- Exercise directions: From the listing below, reproduce word for word the part that opens with the line containing "2016-2017年度四川省AAA级诚信物业服务企业" and closes with the line containing "金属音のリズム刻み系アイキャッチ音の再生済みの波形"; reproduce nothing else.

- Data shown:

+--

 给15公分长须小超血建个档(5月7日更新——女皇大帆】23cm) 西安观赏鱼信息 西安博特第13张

+--

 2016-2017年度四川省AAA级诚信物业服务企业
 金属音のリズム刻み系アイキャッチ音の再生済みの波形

+--

- Task response:
 2016-2017年度四川省AAA级诚信物业服务企业
 金属音のリズム刻み系アイキャッチ音の再生済みの波形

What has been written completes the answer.